- [TASK GOAL]: Of all the entries below, retype only the lines from the one with "Universal Jaws Classic" through the one with "LG ra mắt máy", exactly as they appear.

- [TASK INPUT]:
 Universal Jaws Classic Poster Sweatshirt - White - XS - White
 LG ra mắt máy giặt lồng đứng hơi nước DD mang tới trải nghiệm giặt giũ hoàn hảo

* * *

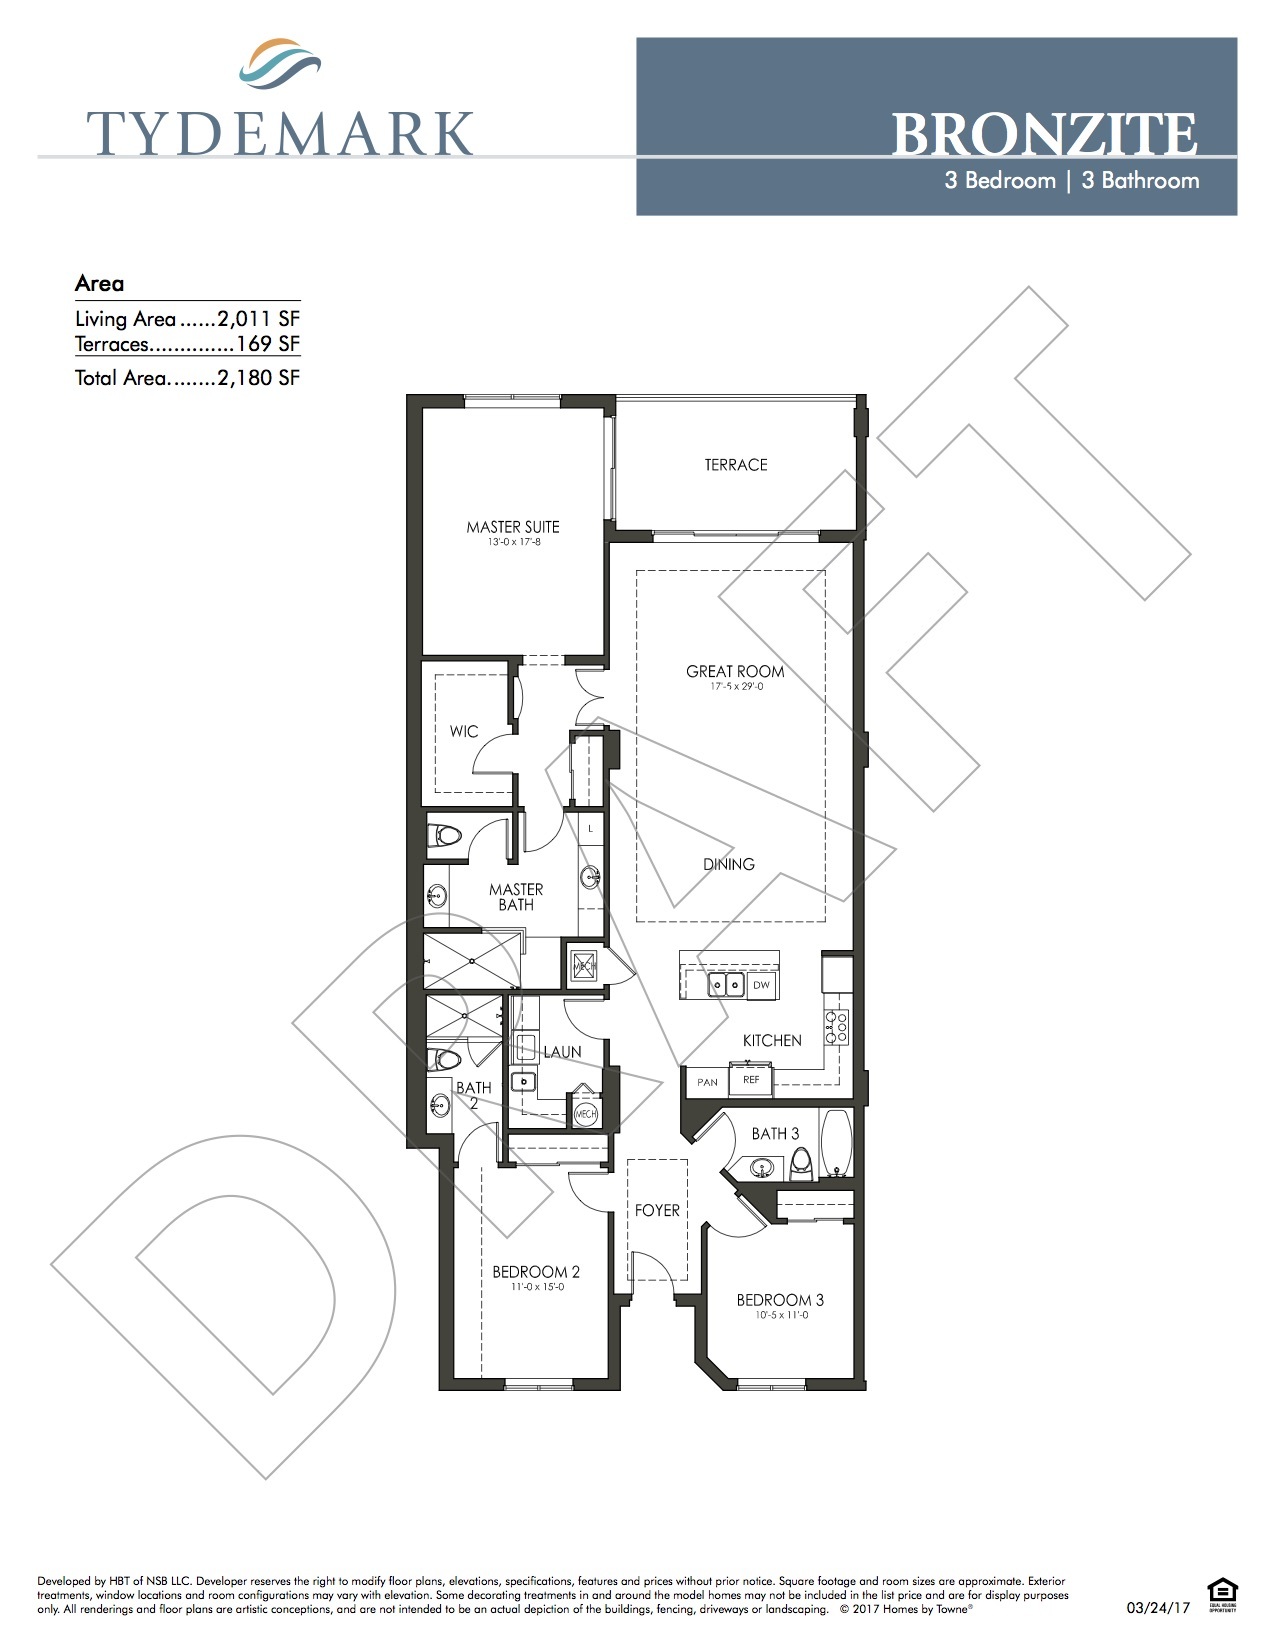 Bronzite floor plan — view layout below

- [SOLVED PROBLEM]:
 Universal Jaws Classic Poster Sweatshirt - White - XS - White
 LG ra mắt máy giặt lồng đứng hơi nước DD mang tới trải nghiệm giặt giũ hoàn hảo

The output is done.